// ....
// This is the old node pool:
{
name = "original"
size = 2
subnet = "192.168.0.208/28" # 14 ips
},
// Add the new updated nodepool like below:
{
name = "new-pool"
size = 2
subnet = "192.168.0.224/28" # 14 ips
// You probably want to set this to change the template from the old one
// that is being used on the original node pool.
template = "new-proxmox-node-template"
},
// ...
Once you have made your changes, you will need to run terraform apply
. Note
that this change should be purely additive.
On a constrained system, you might only be able to spin up 1 node from the new nodepool. This is OK, but you might need to revisit this step to shrink the original pool and grow the new pool to fully roll all your workloads over.
If everything was applied correctly, you should now see the node(s) from the new pool we just added available in the cluster:
kubectl get nodes
To begin moving workloads over, first cordon all of the nodes from the original node pool.

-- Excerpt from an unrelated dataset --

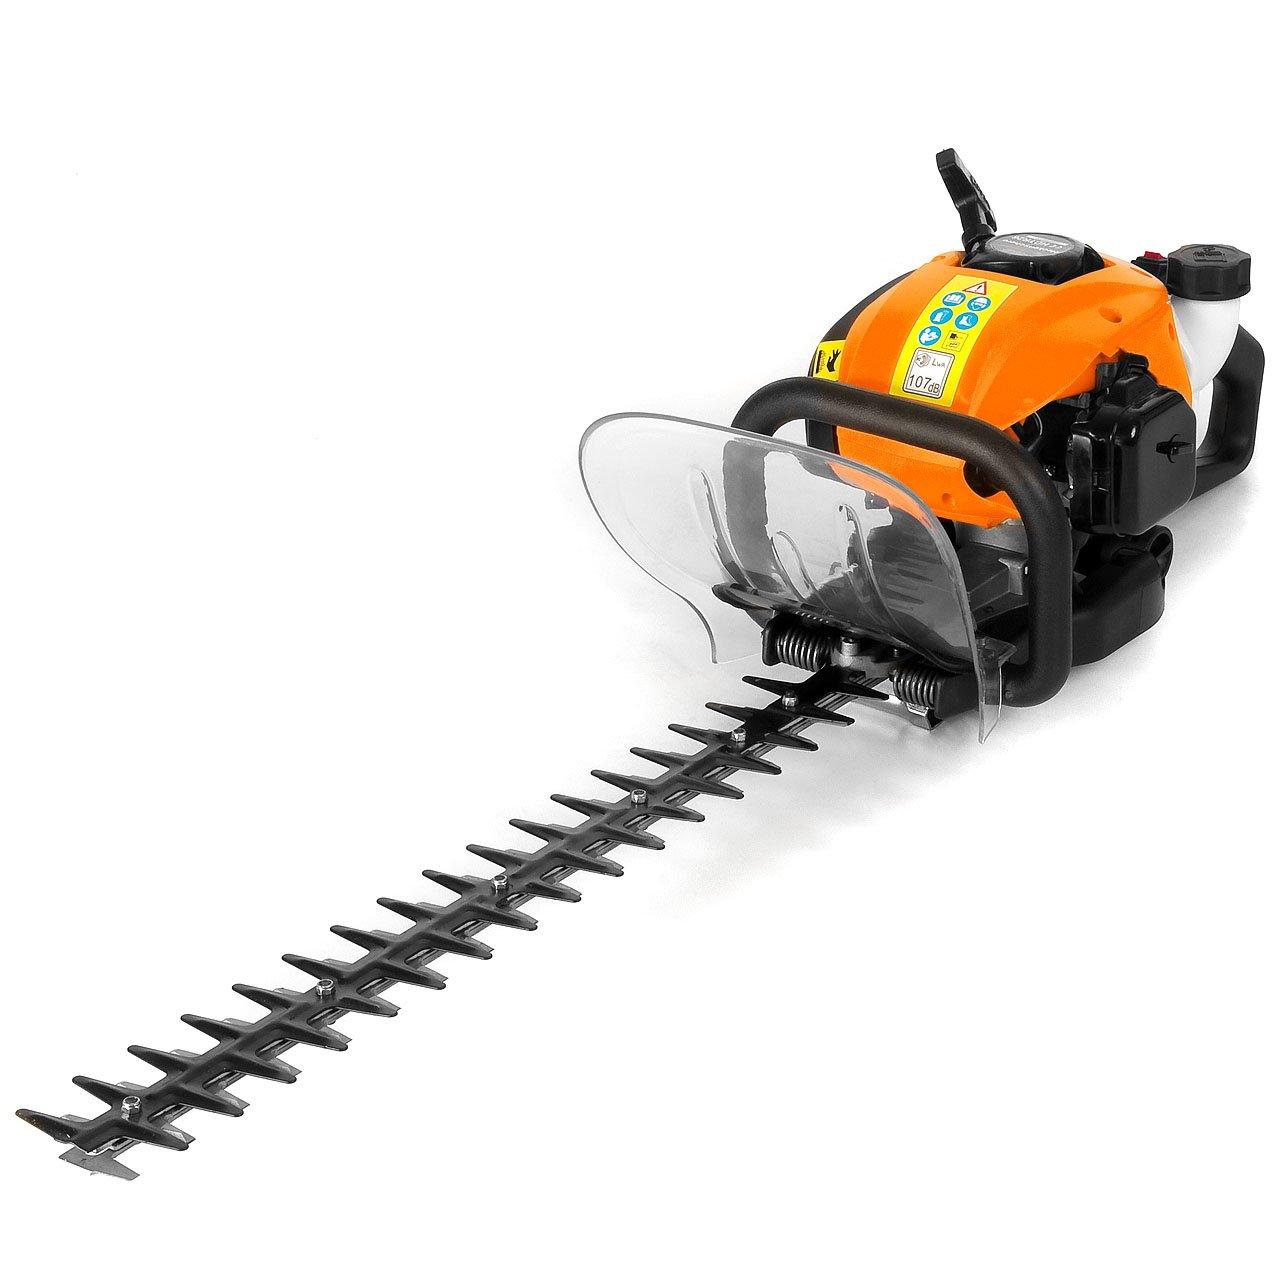 Rotfuchs® 1,22 PS Benzin Heckenschere HDTR26 Orange mit 25,4 ccm, 55cm Schwertlänge  GartenKundenbewertung und Beschreibung

# Note that you will need to change the regex to match nodes from your original node pool
kubectl get nodes | grep -o "k3s-original-." | xargs kubectl cordon
Just to validate, check that only the old nodes have the status of SchedulingDisabled
.
kubectl get nodes
Now any restarted workloads will no longer start on the original node pool.

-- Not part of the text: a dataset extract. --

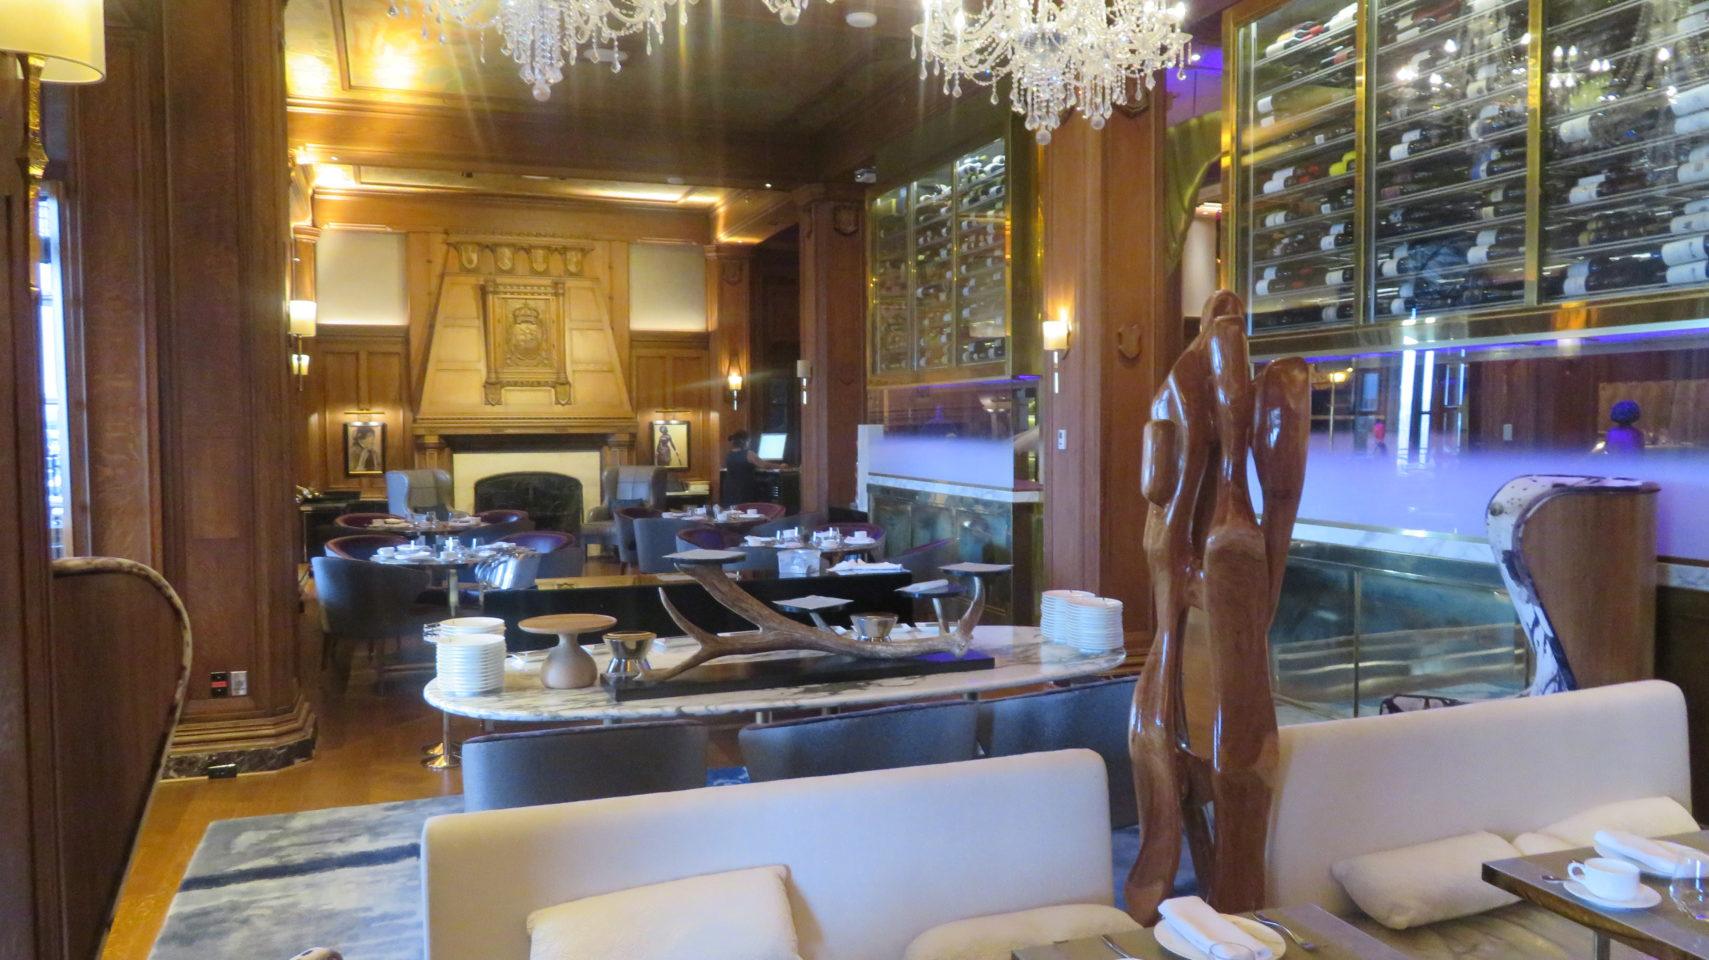 Champlain Restaurant of the Fairmont Le Chateau Frontenac

If it is important to minimize all possible downtime for the workloads on your
cluster, you may want to run a canary deployment to make sure workloads being
moved over will not instantly crash. For homelabs, this is not usually a
concern and this step can be skipped. It is always easy to revert the change
with a call to kubectl uncordon
.
At this point, we need to move workloads over to the new nodes. Depending on
your system, some may have already started moving over. The best way to
drain nodes completely is to evict workloads with kubectl drain
:
NOTE: This will delete all the data from workloads not configured with persistent volumes. If you are not sure if your workloads are configured correctly, do not continue.

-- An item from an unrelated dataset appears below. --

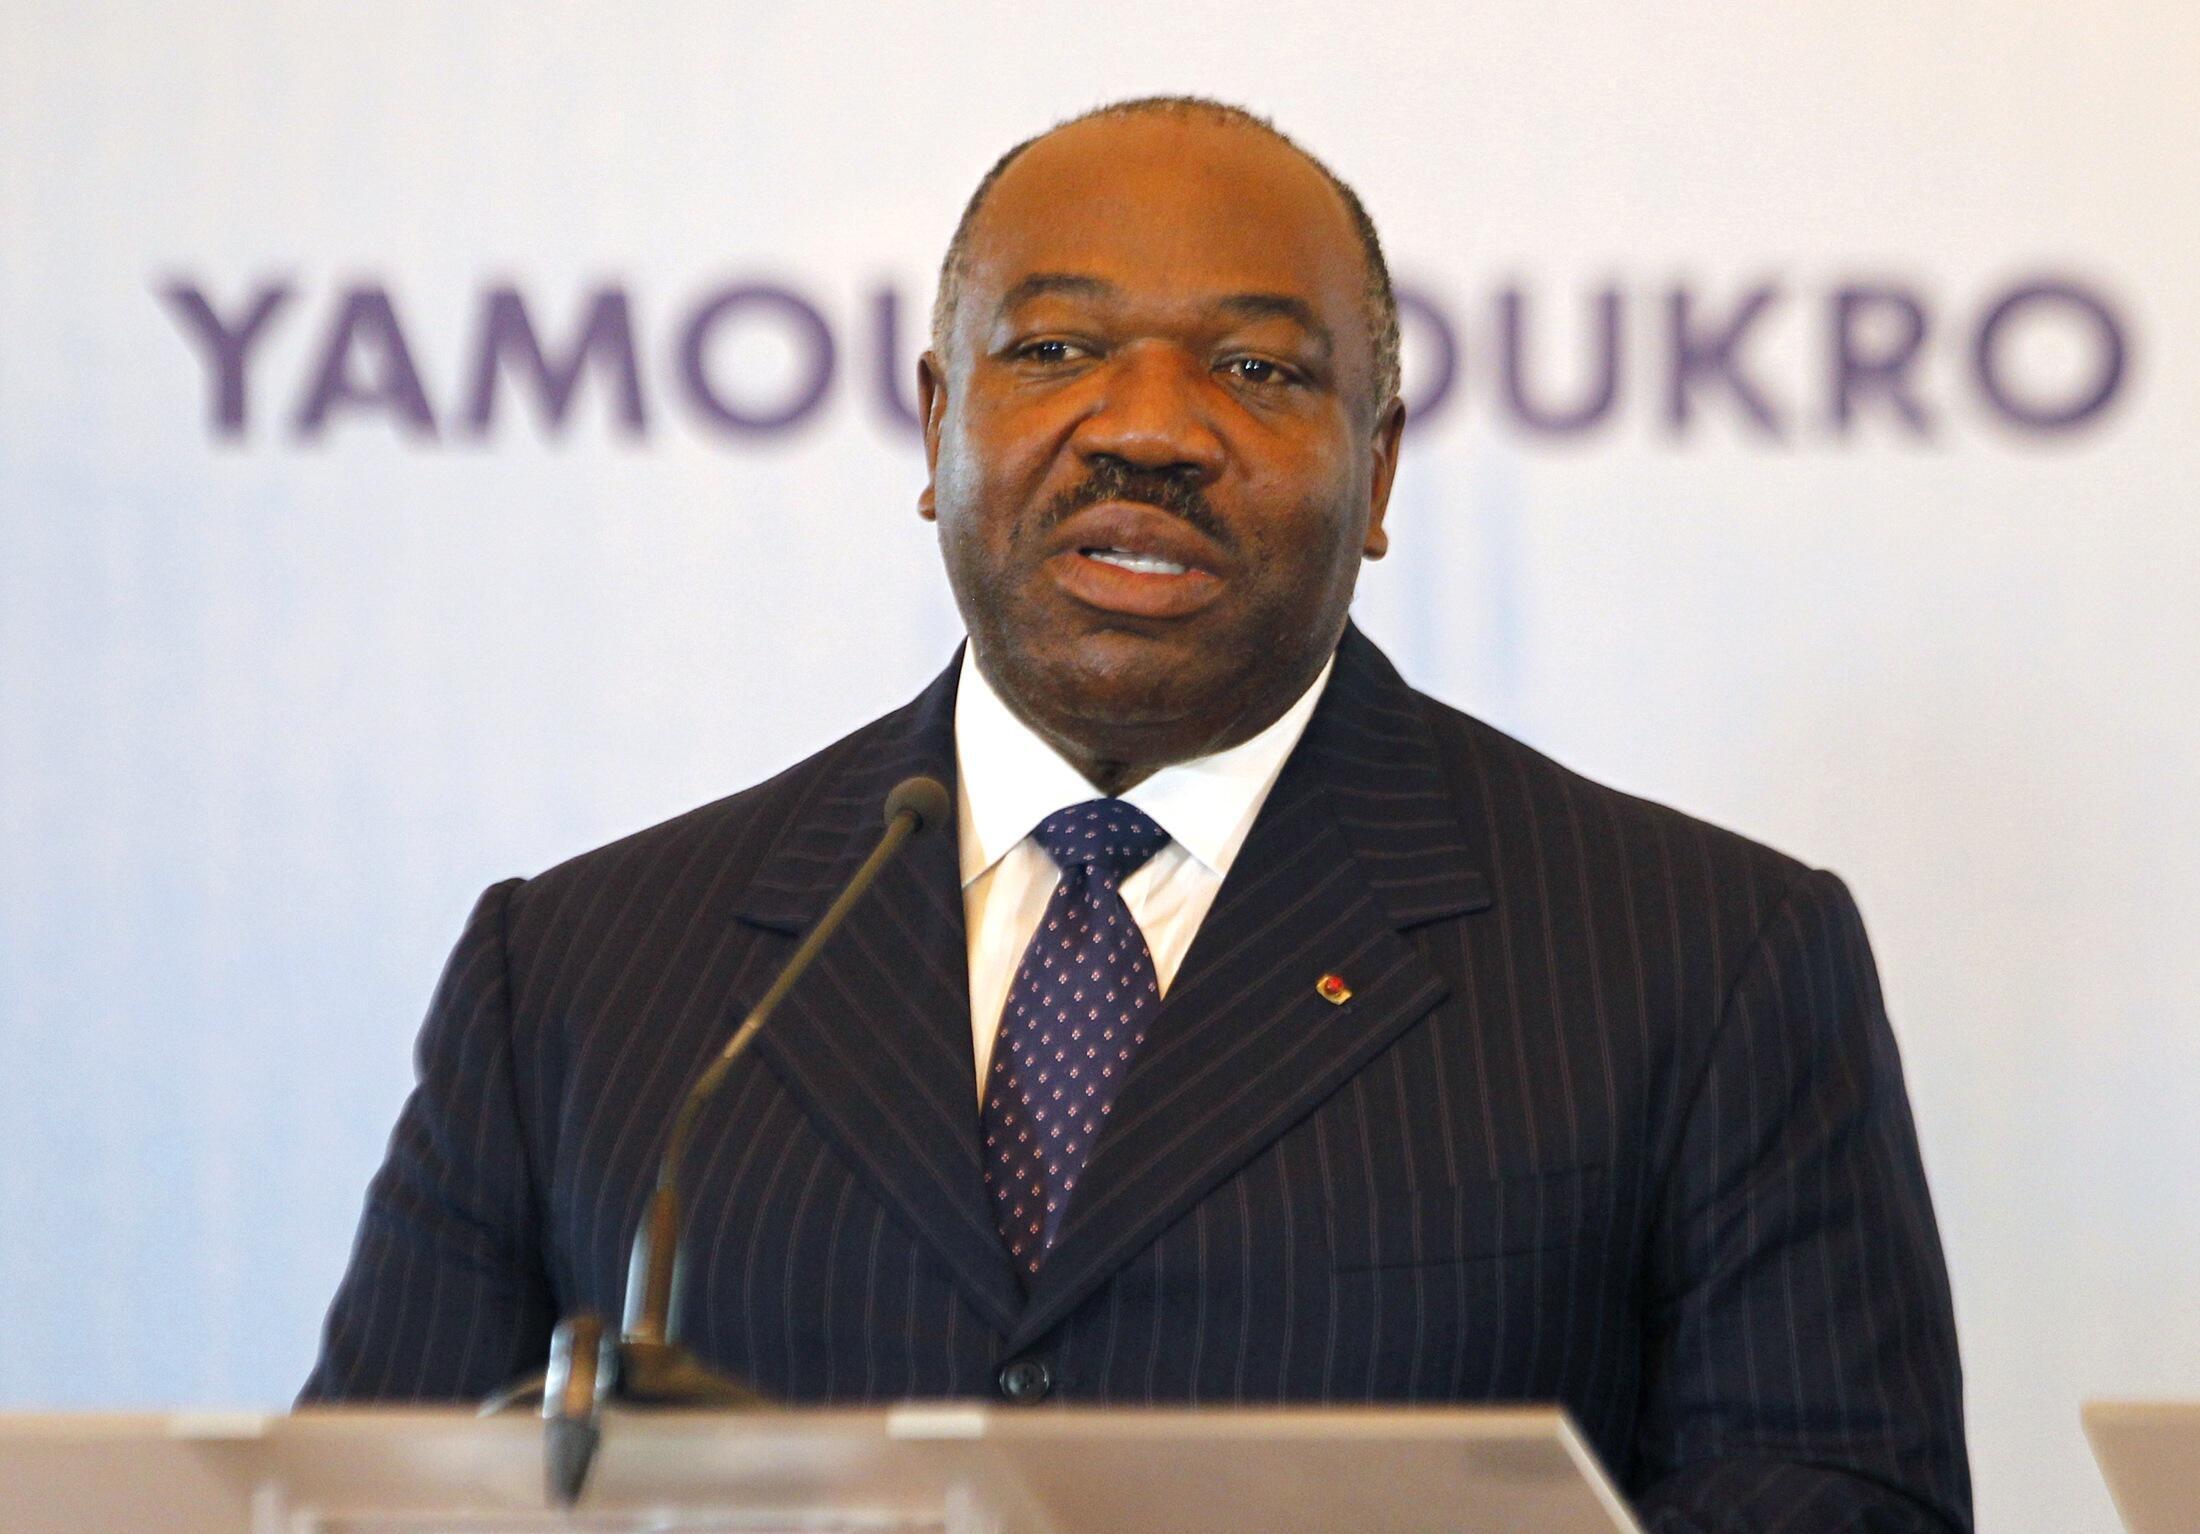 Le président gabonais Ali Bongo, le 26 novembre 2014 à Yamoussoukro, en Côte d'Ivoire.

# Don't forget to update the regex with your original pool name!
kubectl get nodes | grep -o "k3s-original-." | xargs \
kubectl drain --ignore-errors --ignore-daemonsets --delete-emptydir-data
At the time of writing this document, running the
kubectl drain
command without--ignore-errors
is a deprecated behaviour in favor of ignoring by default. This will ensure that the command will not exit early if one of the first nodes encounters an error when draining.
At this point, all your workloads (except for daemon sets since they by design run on every node all the time) should be moved over to your new node pool. A measure I like to take (on smaller clusters), just to be 100% sure is to list all the pods and visually inspect to make sure we don't have any stragglers.
kubectl get pods -A -o wide
Note that its okay to have some pods still on the drained nodes - just make sure they are the pods from a deamon set.
Once we are happy with the state of the rollover, we are finally able to destroy the old node pool and the nodes that make it up. To do that, just delete the node pool from the list in your terraform file and then run the good old:
terraform apply
The deleted nodes might still be showing up in kubectl
with a status of
NotReady
. If this is the case, clean them up with:
# Don't forget to update the regex with your original pool name!
kubectl get nodes | grep -o "k3s-original-." | xargs kubectl delete node
# Sometimes this command hangs for a while waiting for the api to clean up.
# Skip the waiting with Ctrl + C once all the nodes have been logged as deleted
Congrats! You have now successfully rolled your cluster's nodes!